Medium Risk – A child is likely to suffer some degree of harm if he or she remains in the home. Intervention is warranted. However, there is no evidence that the child is at risk of imminent serious injury or death.
Low Risk – The home is safe for children. However, there are concerns about the potential for a child to be at risk if services are not provided to prevent the need for protective intervention.
No Risk – The home is safe for children and there are no indications of potential risk to a child.

Contact with Children

The nature and frequency of contact with children are governed by the potential risk to a child (see Levels of Risk above) and the service provided.

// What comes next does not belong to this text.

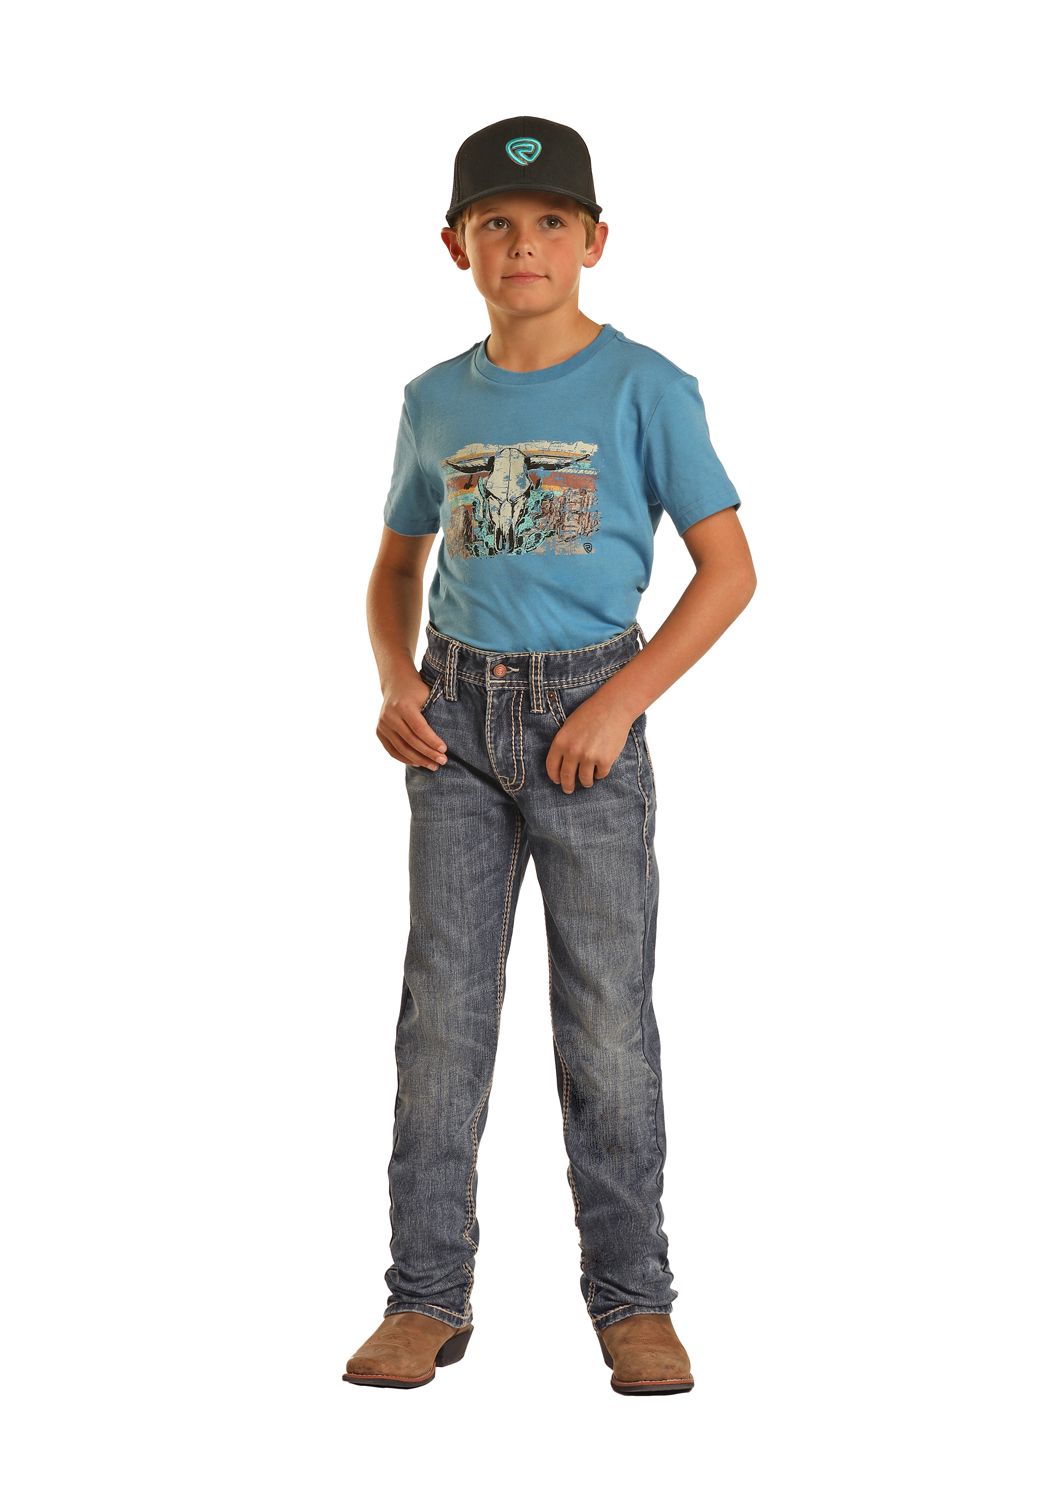 Boys Boot Cut Medium Vintage Rock Roll Cowboy Jeans

Intake workers and case managers must see a child, that is, have direct face-to-face contact, to ensure the child is safe and receives appropriate services in relation to the following case management and service activities:
  • Conducting a safety assessment to determine if a child is or might be in need of protection (see Intake Module and Standard 11 in Section 1.1.1, Intake).
  • Apprehending a child in need of protection (see Standard 17 in Section 1.1.1, Intake).
  • Assessing the risk to and needs of the child to determine what agency services or interventions are required (see Child Assessment standards in Section 1.1.2, Assessment).
  • Involving a child in the planning process to help the child accept a service or prepare for a placement (see Care Plan standards in Section 1.1.3, Planning).
  • Home visits with a family assessed as high or medium risk to ensure the safety and well-being of children in the home (see Standard 2 in Section 1.1.4, Service Provision).
  • Leaving a child found to be in need of protection in the family home or returning a child to the home (see Standard 5 in Section 1.3.1, Child Protection Services).
  • Contact with a child in care placed in a place of safety, foster home, group home, treatment centre or other child care facility (see Standard 3 in Section 1.1.4, Service Provision and Section 1.4.4, Care and Supervision.
  • Placing or moving a child in care (see Section 1.4.1, Child Placement Services), Section 1.5.3, Foster Home Placements, and Section 1.5.6, Removing Foster Children).
  • Pre-placement visits to and placement of a permanent ward for adoption in an adoption home (see Section 1.6.2, Services to Children)
  • Assessing a child’s progress in an adoption home during the supervisory or probationary period (see Section 1.6.3, Services to Adoptive Applicants)
In the case of a child protection emergency, when time or distance prevents immediate face-to-face contact with a child, an intake worker or case manager may rely on the police, a health professional, school authority or community service provider to see the child and to confirm by email or telephone that the child was seen (see Standard 13 in Section 1.1.1, Intake and Use of Collateral Service Providers in Section 1.3.1, Child Protection Services). For example:
  • Circumstances require the police to apprehend a child pursuant to subsection 21(1) of The Child and Family Services Act prior to reporting the matter to a child and family services agency.
  • An admitting nurse in a hospital some distance from the office of a designated intake agency reports admitting a child suspected of being physically and sexual abused and recommends the agency intervene to protect the child.
  • In the course of conducting a child protection investigation, an agency is told that one of the children is staying with a relative or friend some distance away. The agency may rely on a school teacher in the community where the relative or friend resides to confirm the information.